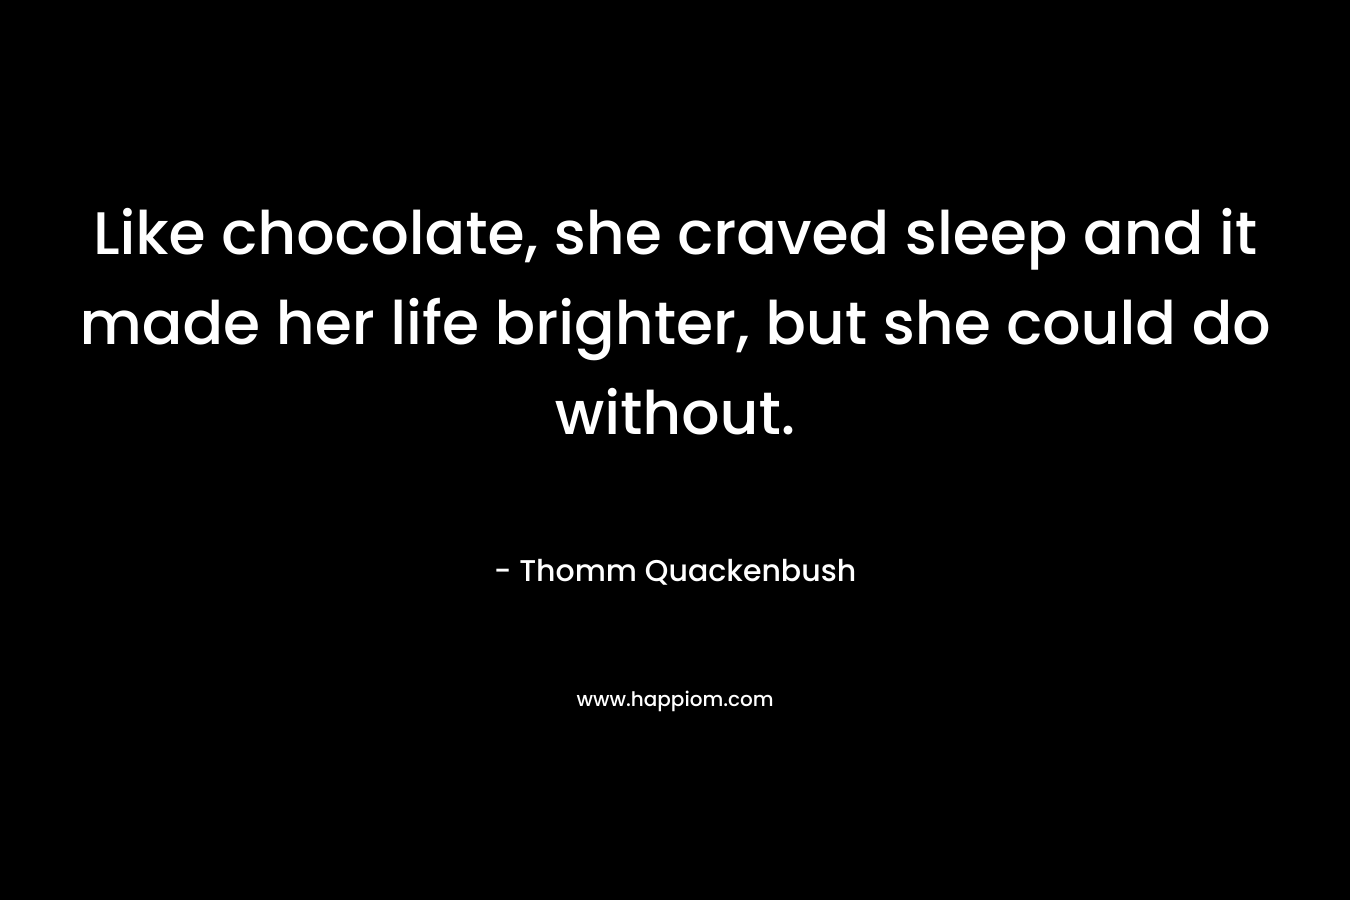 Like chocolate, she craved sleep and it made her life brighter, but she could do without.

-.-.-

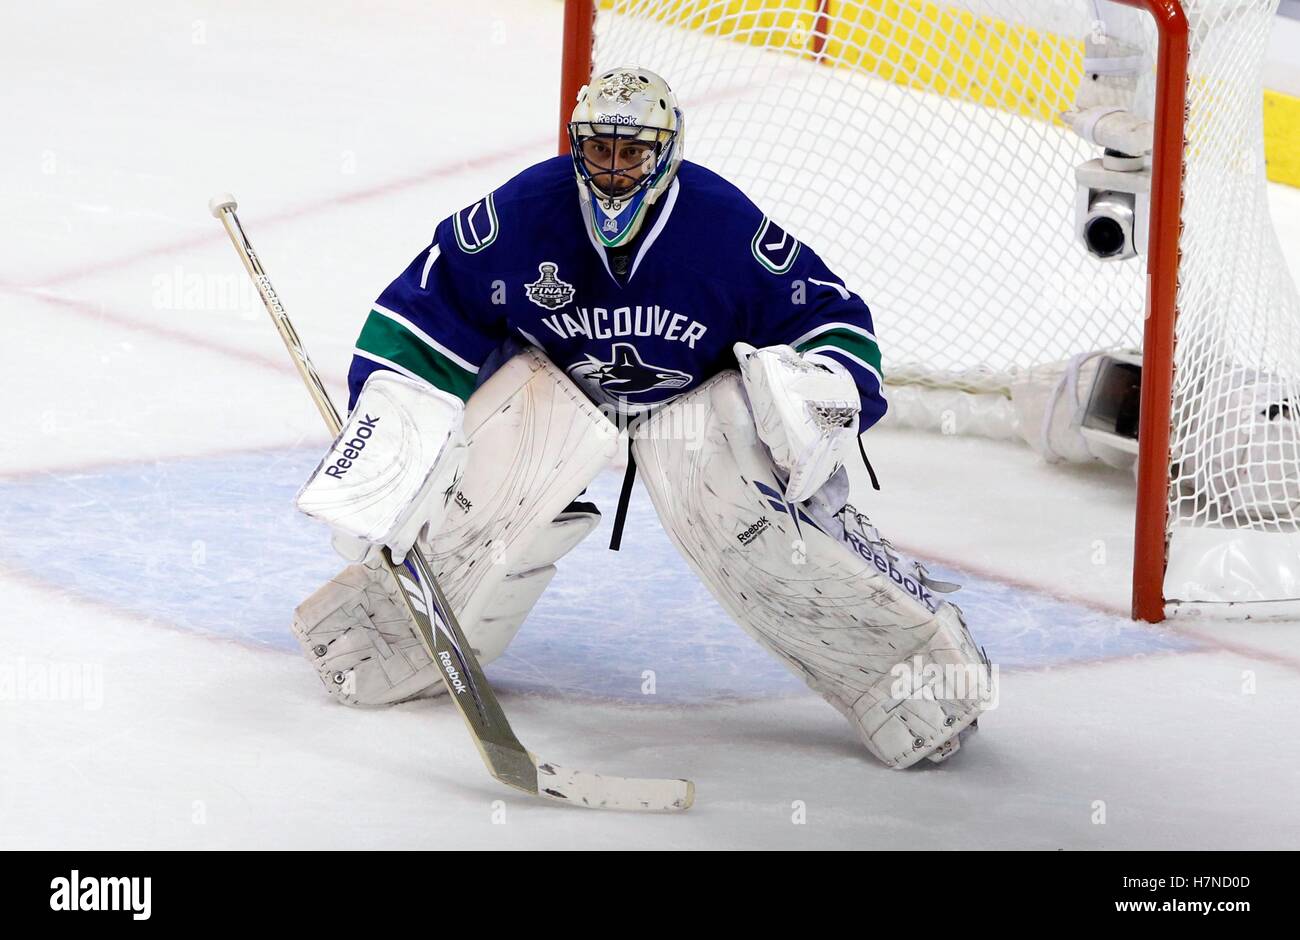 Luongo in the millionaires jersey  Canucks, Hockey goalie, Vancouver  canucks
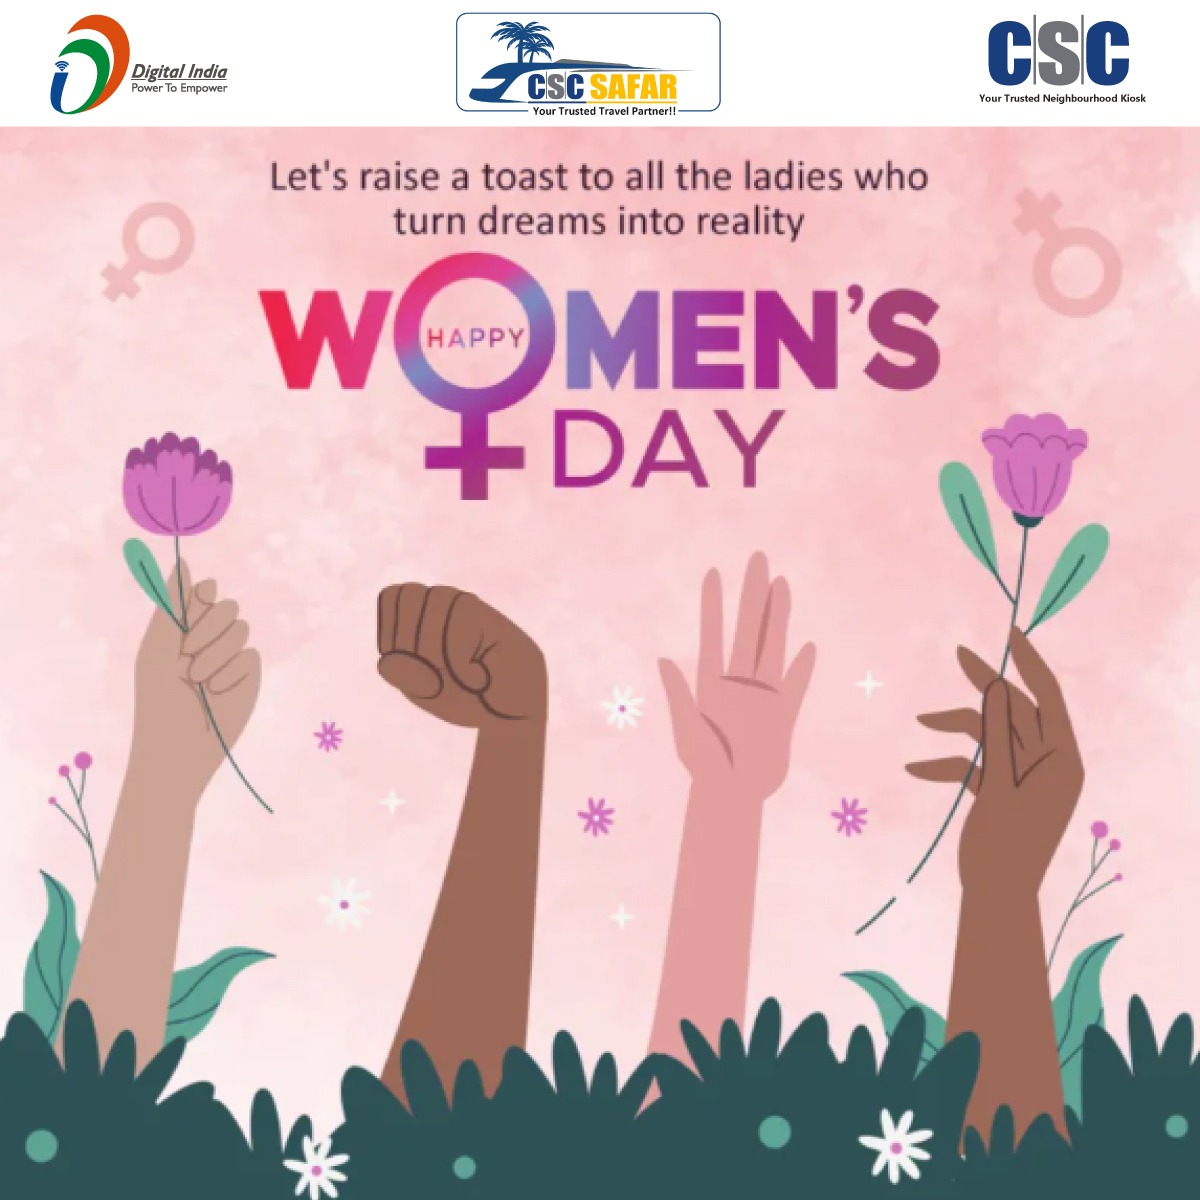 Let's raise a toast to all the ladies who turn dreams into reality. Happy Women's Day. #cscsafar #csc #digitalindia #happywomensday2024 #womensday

-.-.-

Range to print from the listing above: from the line with "Luongo in the" up to and including the line with "Let's raise a". Please print those lines exactly, with no pictures and nothing more.

→ SOLUTION FOR THIS TASK:
 Luongo in the millionaires jersey  Canucks, Hockey goalie, Vancouver  canucks
 Let's raise a toast to all the ladies who turn dreams into reality. Happy Women's Day. #cscsafar #csc #digitalindia #happywomensday2024 #womensday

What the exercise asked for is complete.